PHILADELPHIA and ALBANY, N.Y.-- For years, lawmakers have leaned on so-called sin taxes—excise taxes on products such as tobacco and alcohol that generally have some negative attribute to consumption—to help balance budgets. The practice continues today, but a recently released study suggests the financial windfalls are often only temporary.
Since 2000, all but nine states in the United States have significantly raised tax rates on cigarettes and other tobacco products, said the report from The Pew Charitable Trusts, Philadelphia, and the Nelson A. Rockefeller Institute of Government, Albany, N.Y. The median state tax on cigarettes has increased more than fourfold—from 34 cents in 2000 to $1.57 in 2017. The circumstances behind the increases vary, but they point to two primary motivations: advancing public health by making tobacco use cost prohibitive and increasing revenue from those who continue to use tobacco.
The research found that with tobacco, the funds levied for state budgets ultimately diminishes as people buy or use less of the targeted products. Similarly, state revenue growth from taxes on alcohol and gambling is unlikely to be sustained due to how the products are taxed, changes in demand and casino competition.
The report examined state-tax trends from 2008-2016, using federal and state revenue data, academic and other relevant literature, and interviews with state officials.
Here are some significant conclusions of the research ...
Improving public health
Sin taxes are a useful tool for supporting public health objectives and can be effective in raising revenue in the short term, the study said.
Between 2005 and 2016, the smoking rate among American adults dropped from 21% to 15%—in stark contrast to the 40% who smoked in 1965. Rates of smoking among middle and high school students also declined from 2011 to 2016.
Researchers based their opinion that higher taxes can cut tobacco use on a 2011 study, "Effectiveness of Tax and Price Policies in Tobacco Control,” published on the National Institutes of Health website.
States should carefully assess the sustainability of these revenue sources in the long term, especially for funding ongoing budget commitments, to avoid structural budget challenges, researchers said.
Despite moves by more than half of U.S. states to raise tax rates in recent years, the decline in tobacco consumption caused revenue from this source to drop by an average of about 1% across all states from 2008 to 2016. In those states that increased cigarette tax rates and still recorded revenue declines, those losses ranged from about 3% in Washington to nearly 26% in Louisiana between 2008 and 2016. Thirty states saw declines in tobacco tax revenue over those years.

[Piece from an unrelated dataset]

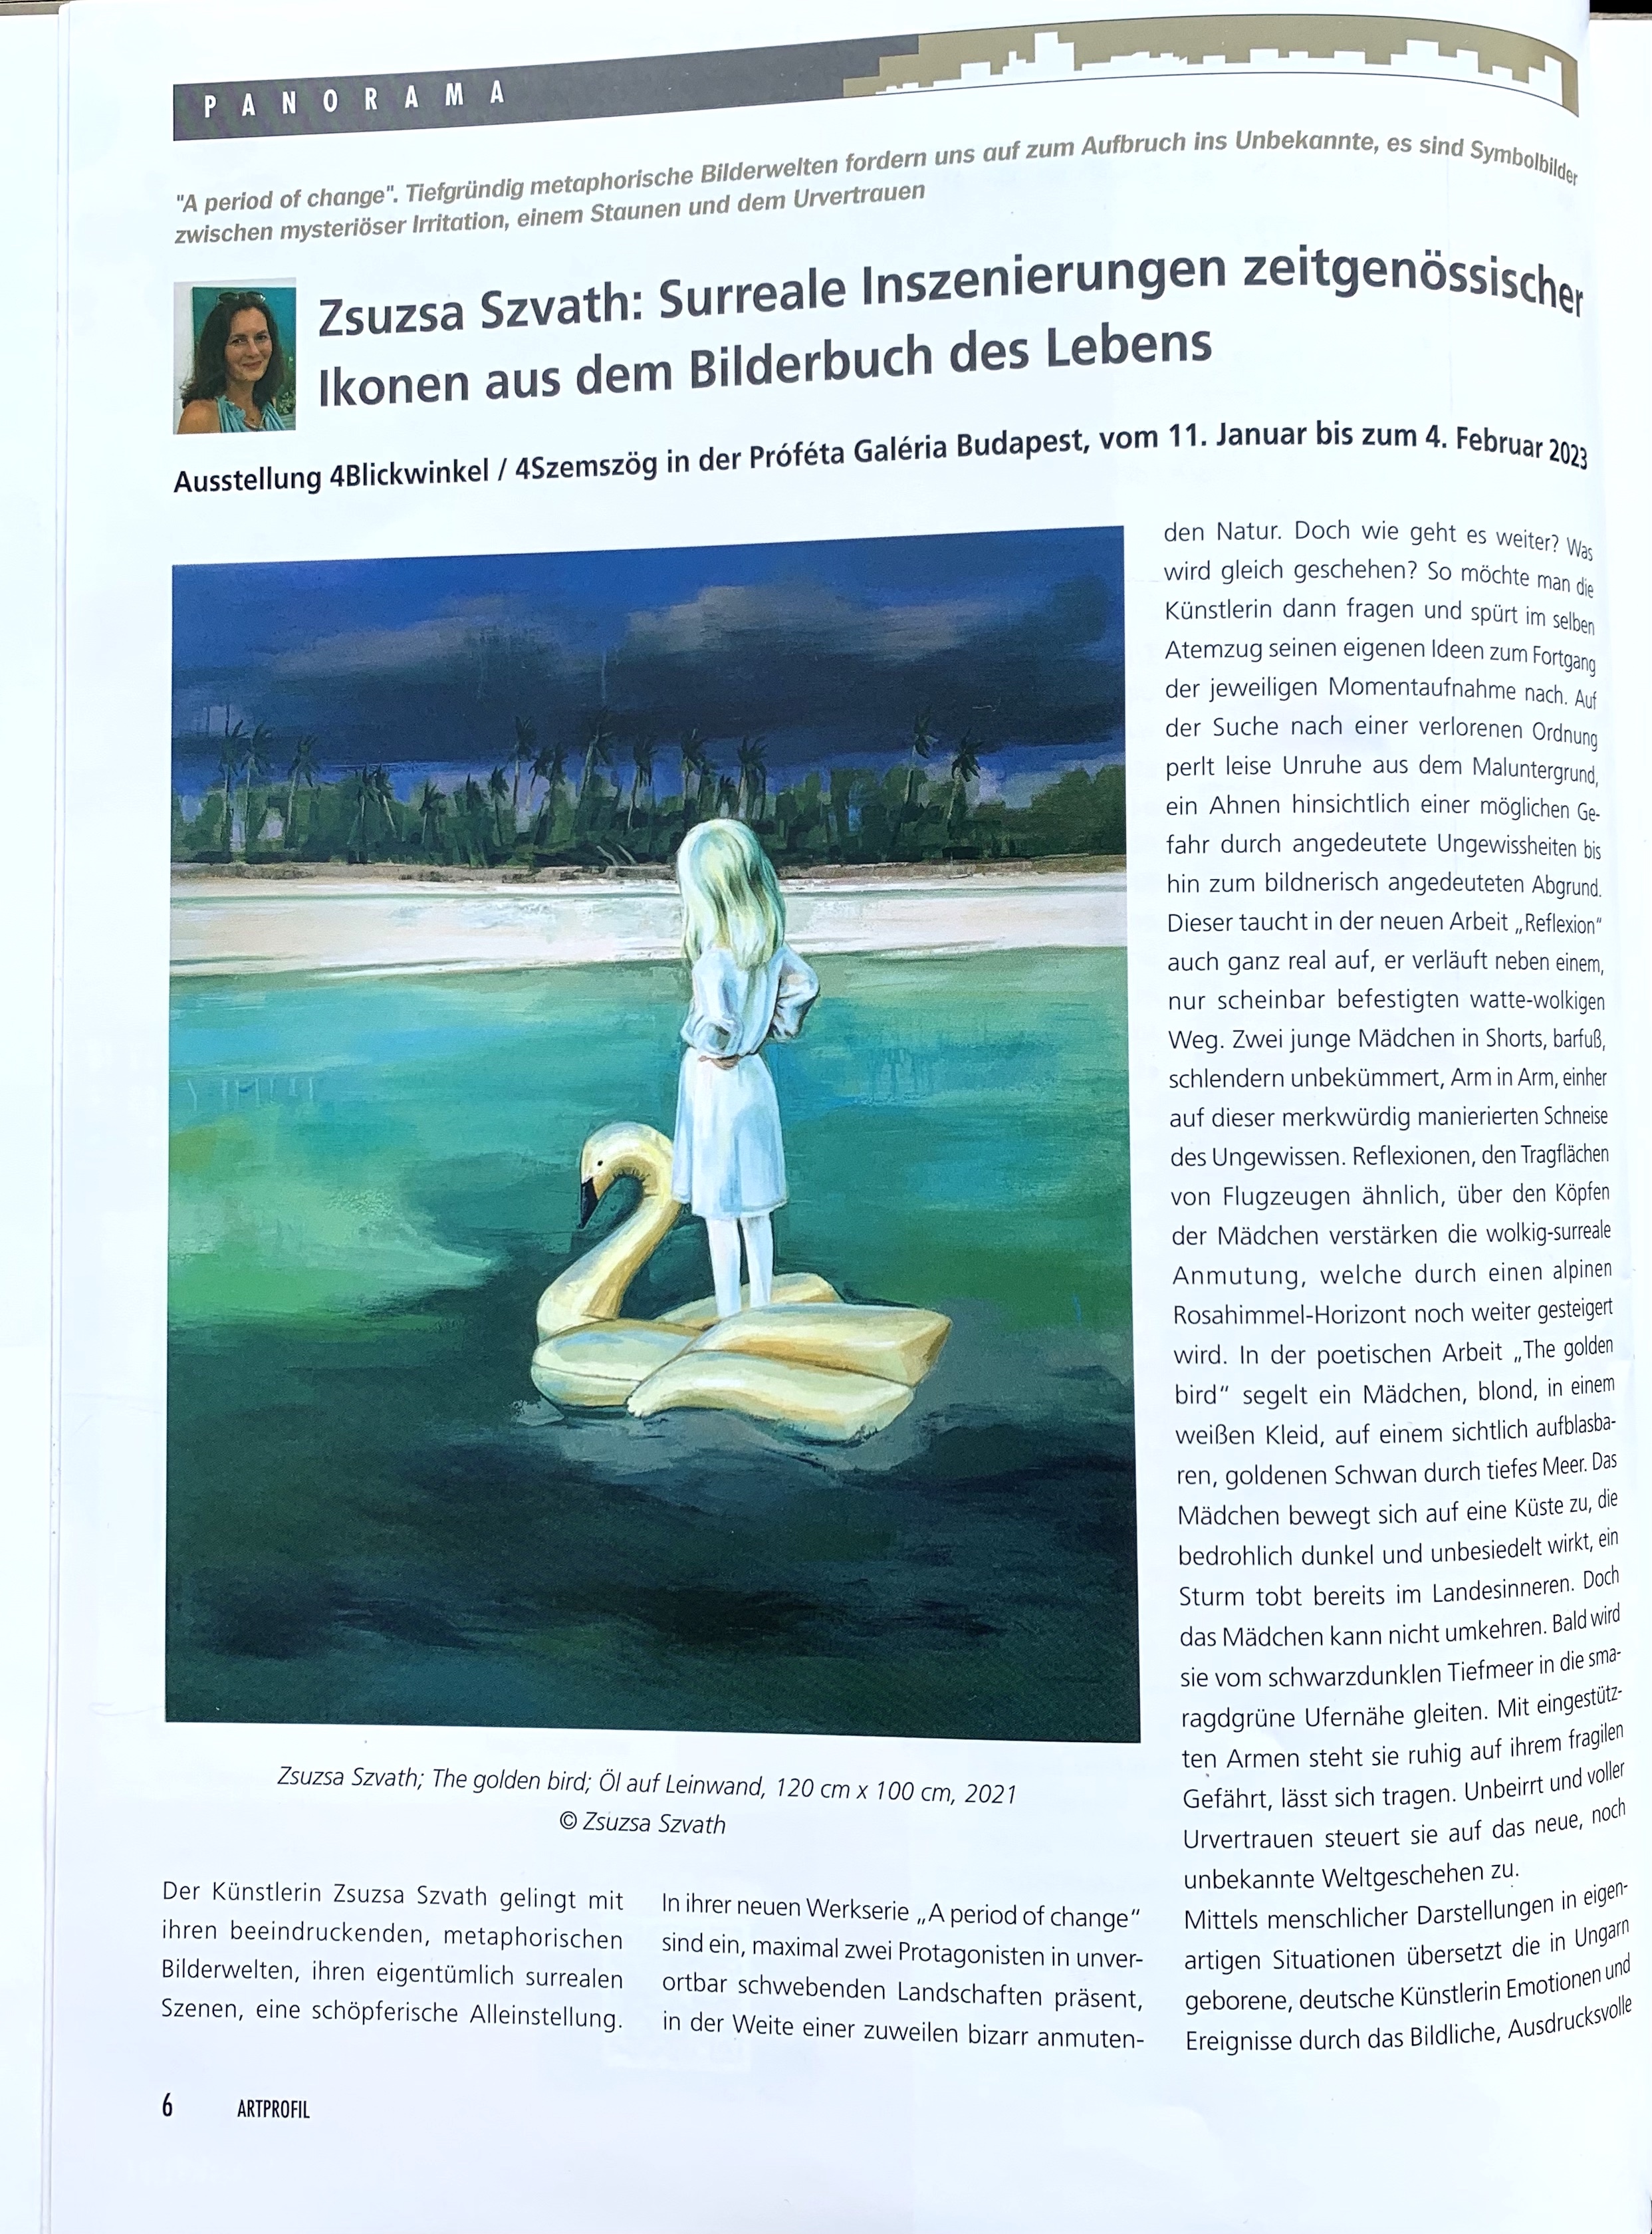 Publikation im Kunstmagazin Artprofil

If the Centers for Disease Control and Prevention, Atlanta, meets its goal of driving smoking rates below 12% by 2020, the tax base will continue to narrow. The study concluded that while tobacco taxes may raise enough funds for an immediate budget fix, these long-term trends should signal to policymakers that relying on this source could lead to structural challenges. As revenue continues to decline, states will face imbalances between diminishing taxes and steady or growing expenditures.

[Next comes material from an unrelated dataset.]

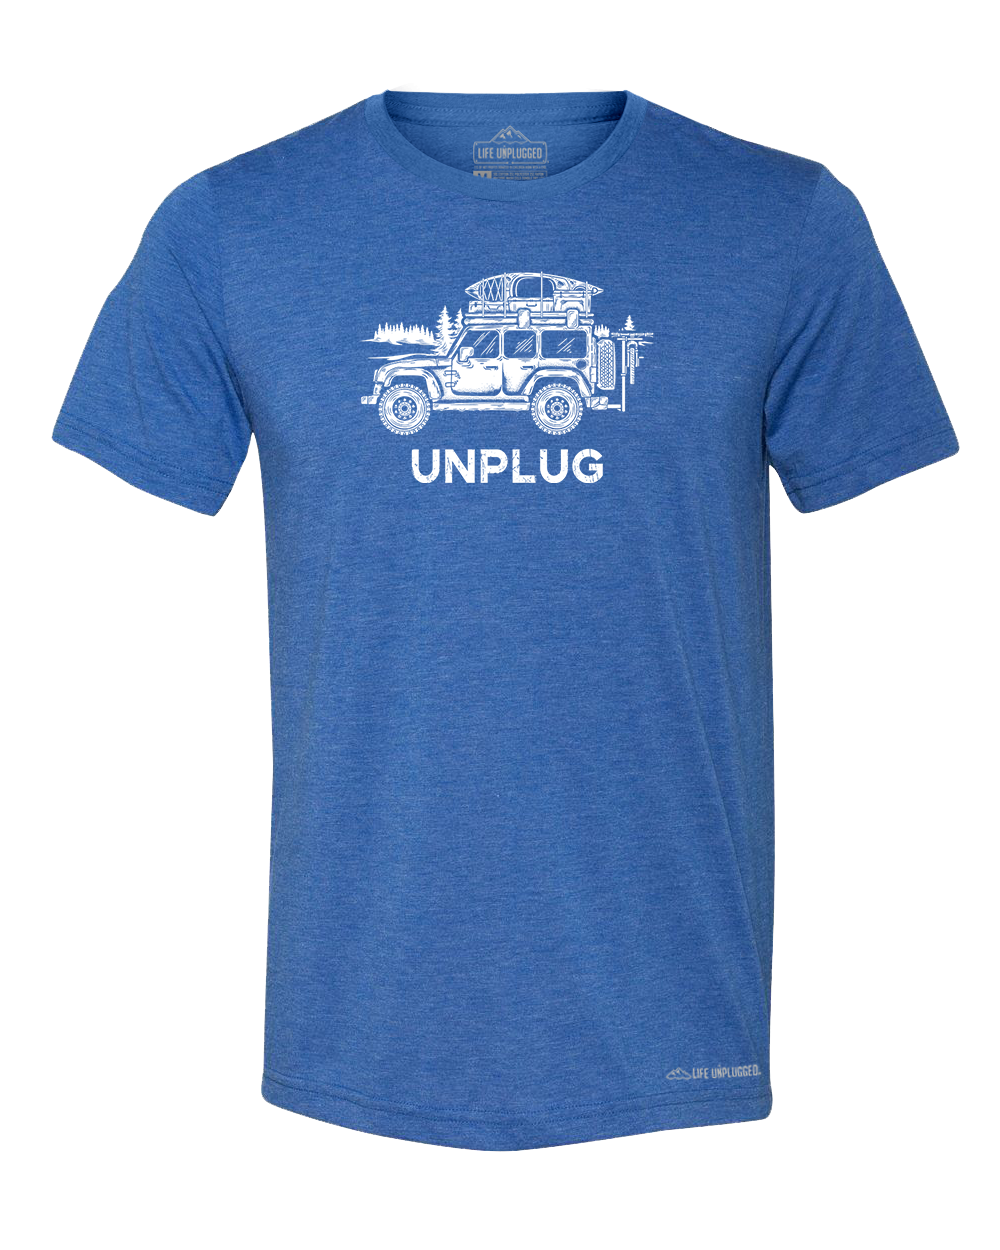 OFF-ROAD VEHICLE Premium Triblend T-Shirt - Life Unplugged

Photo courtesy of Brad Perkins.
Use history as a guide
Policymakers can benefit from considering historical experiences with sin-tax revenue as they seek to implement new, related tax policies, researchers said. States should be especially cautious about pursuing emerging sin taxes where markets are volatile and forecasts rely on limited data. Given this uncertainty, and the trends in revenue from these sources, states should also be mindful of potential pitfalls in directing new sin-tax revenue toward recurring expenditures, the report concluded.